Many years ago, one night I walked down to the shallow portion of the stream beside my run down old ranch house. I could see countless moons in the water. Then I thought to myself that this might make a good koan. Which one is the real moon? This for me is like saying which of my thoughts is the pure Mind? From this, I mused just how close 'pure Moon thought' and pure Mind are, so close, as to mistake thought for pure Mind.
Back to the moons in the water, if someone who had never before seen the moon above, in the cool night sky, were to check out all of these moons, looking for the exact right one, he would go mad. This would be a real fool's errand. I think you can guess where I am going with this. Our thoughts about pure Mind, while being copies or reflections of it, are not the same thing—not even close. Still, like our fool we follow the stream, especially its wide shallow places where many more moons appear, and look for the real moon. Then there are those who would declare all the moons are the real moons! But then during July, when most of the stream dries up, where did all the moons go?
There is no adequate way to describe by words the difference between the thought of pure Mind and pure Mind, itself, or the difference between moons in the water and the real moon overhead. Words are not all that adequate. Saying fire can't give us fire on a cold night no matter how many times we say fire. And if we think about pure Mind for days and months we won't get any closer to pure Mind, itself. Something else has to happen. This something else is where Zen steps in or I should say gives the seeker some sound advice.

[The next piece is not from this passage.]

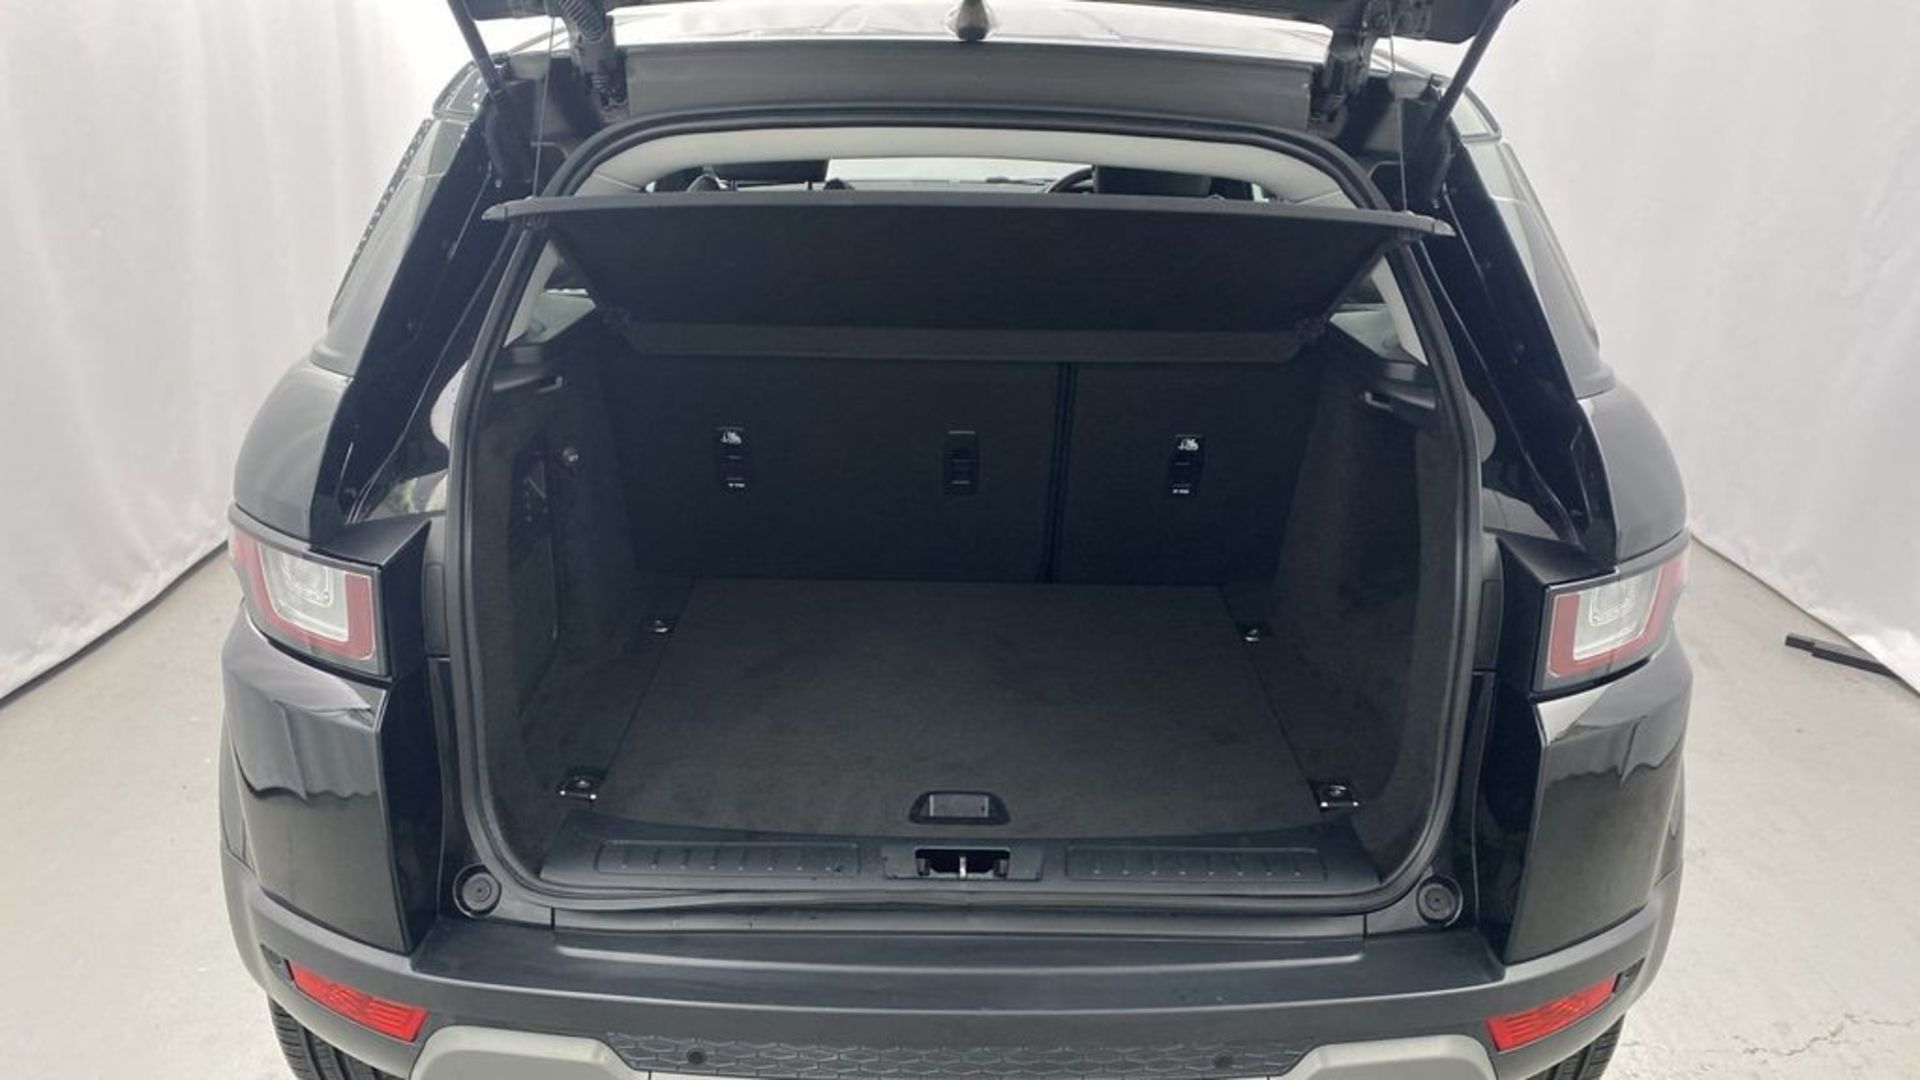 (Reserve Met) Range Rover Evoque 2.0 ED4 SE Tech - 2018 Model - FLRSH - Parking Sensors - 65k only!! - Image 10 of 14
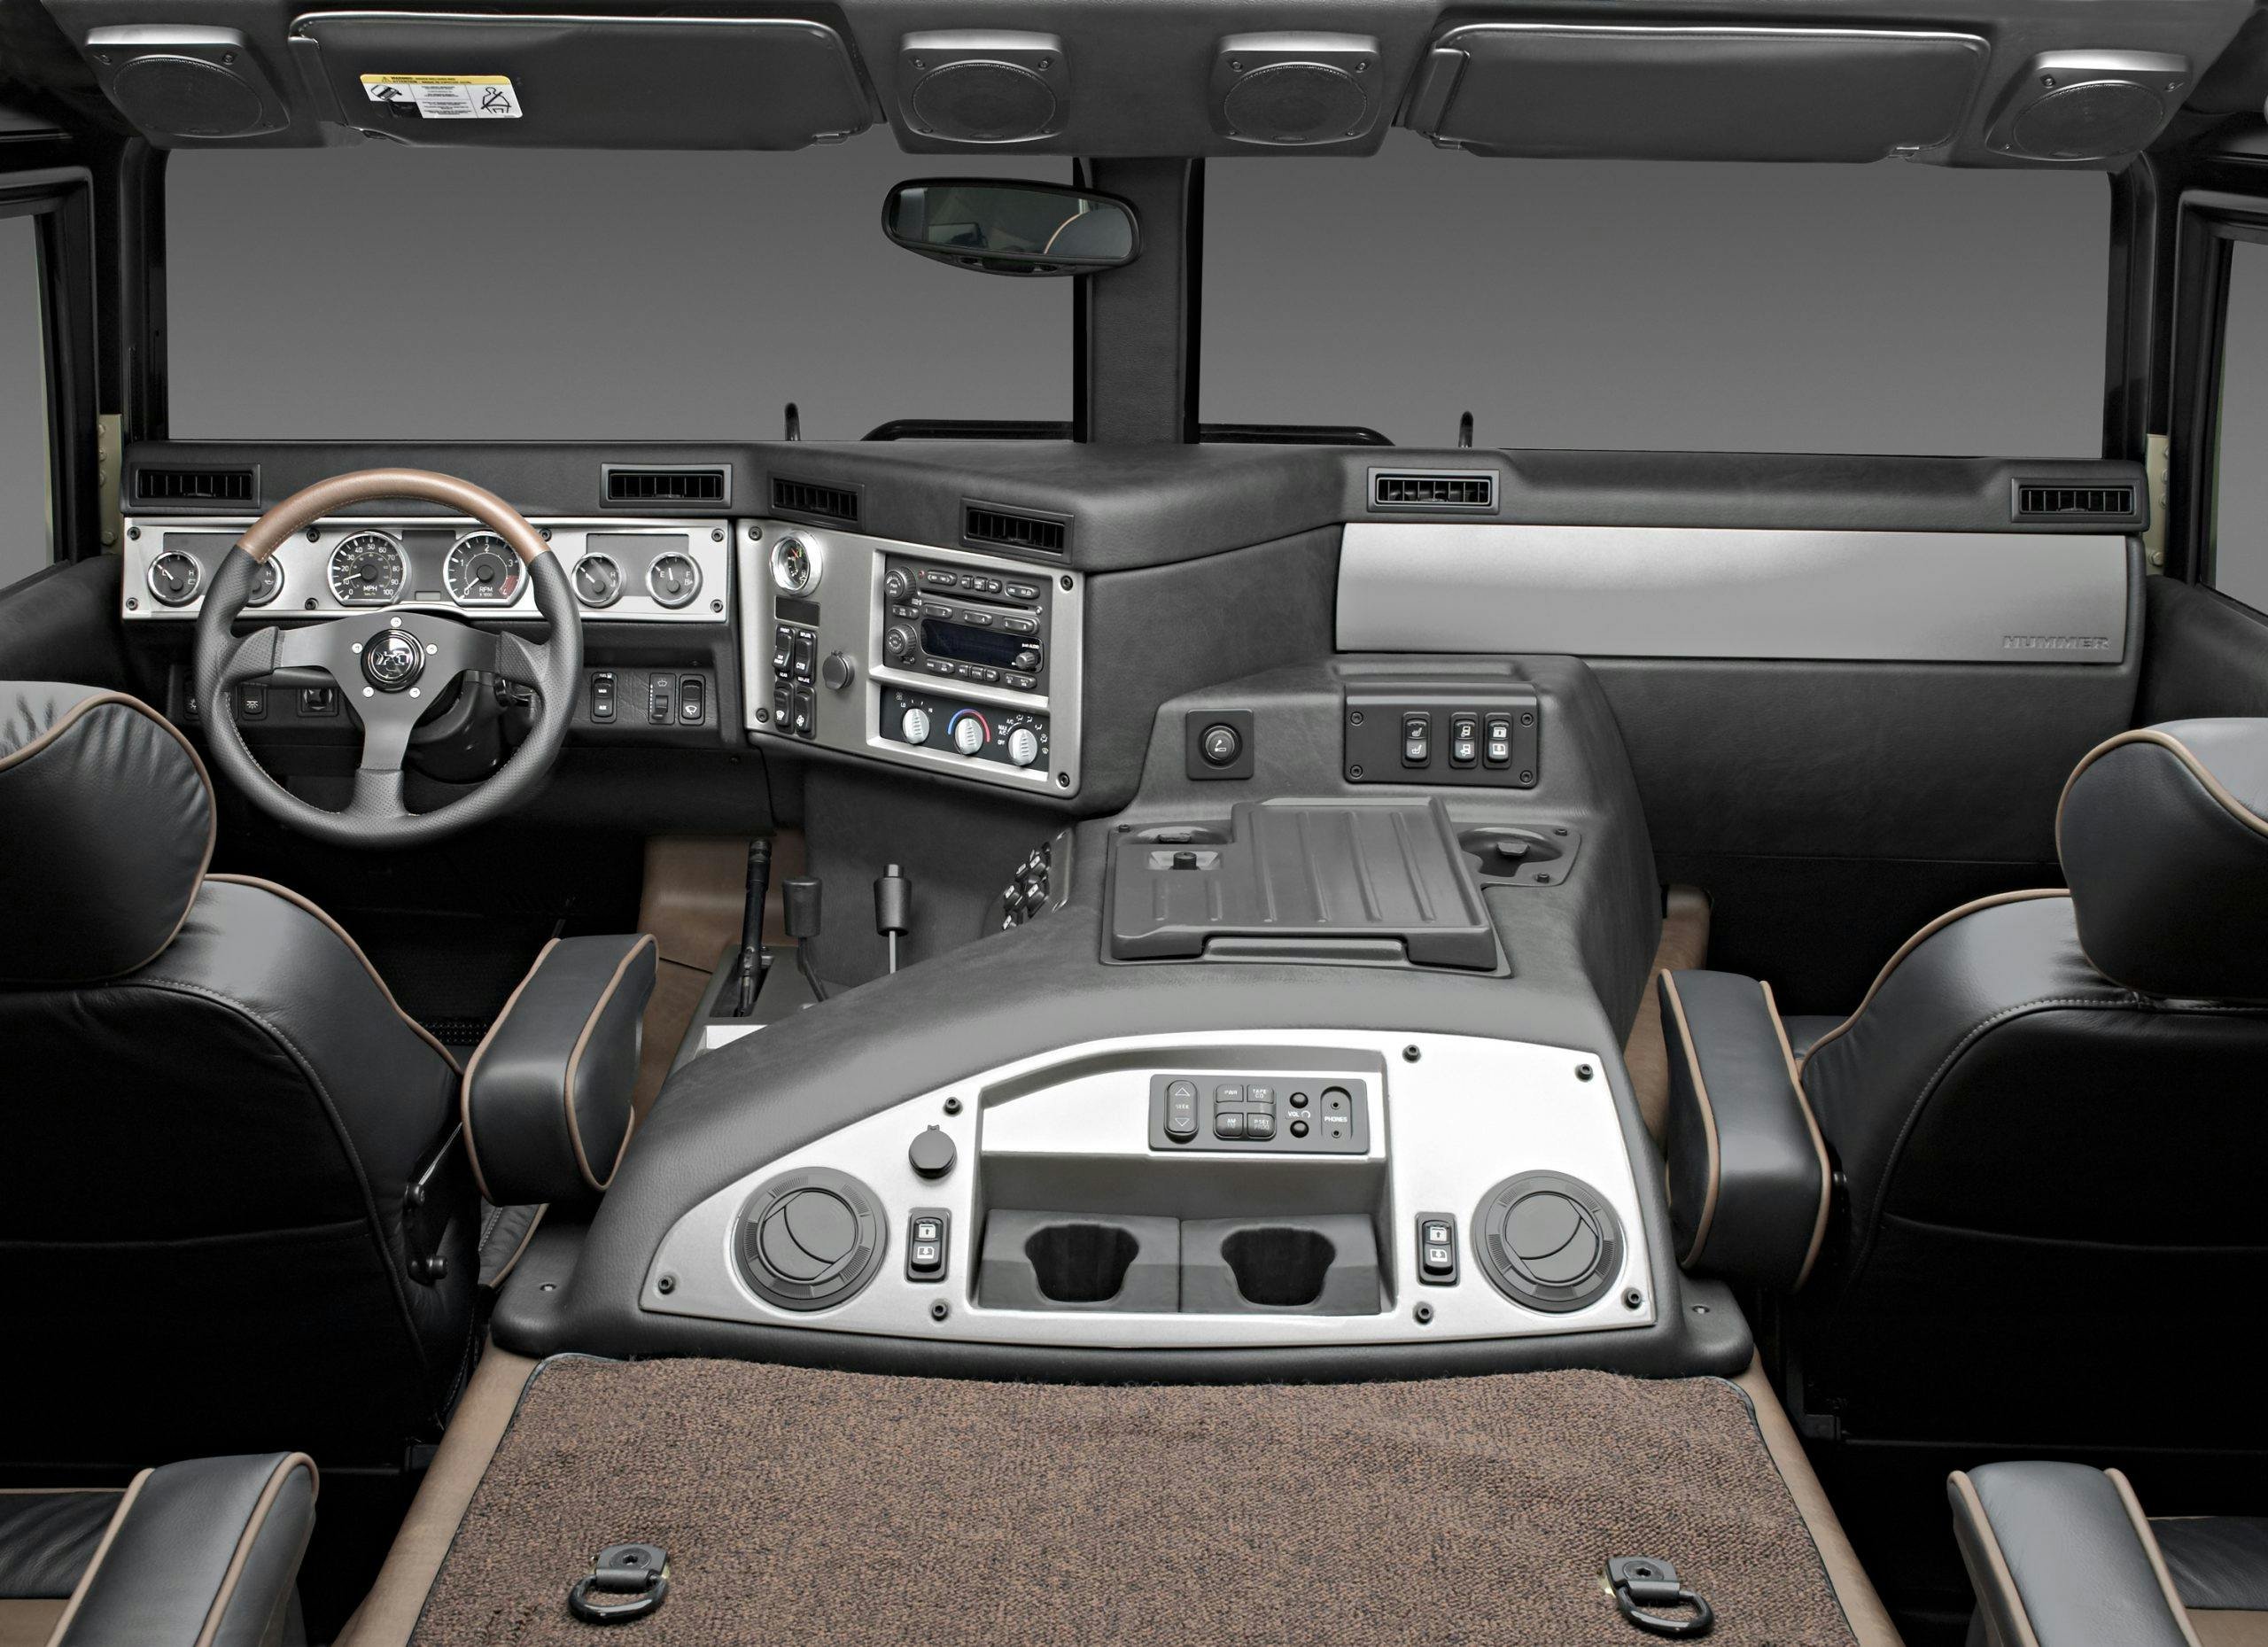 2004 Hummer H1 Interior

Such advise is meant to urge the seeker to go much deeper than just stopping at thoughts and concepts. Don't spend your time chasing the conditioned; trying to forge it into your true, unconditioned nature, deceiving yourself by doing so. Zen is something like when the pure subject meets the pure object, face to face—something like flint and steel making a spark. Notice, that I said "pure" not just the meeting of subject and object. The pure subject is presuppositionless. The pure object is beyond the sense fields including our mental images. Only in this way is it possible to realize pure Mind, seeing for the first time what our thoughts and concepts are made of.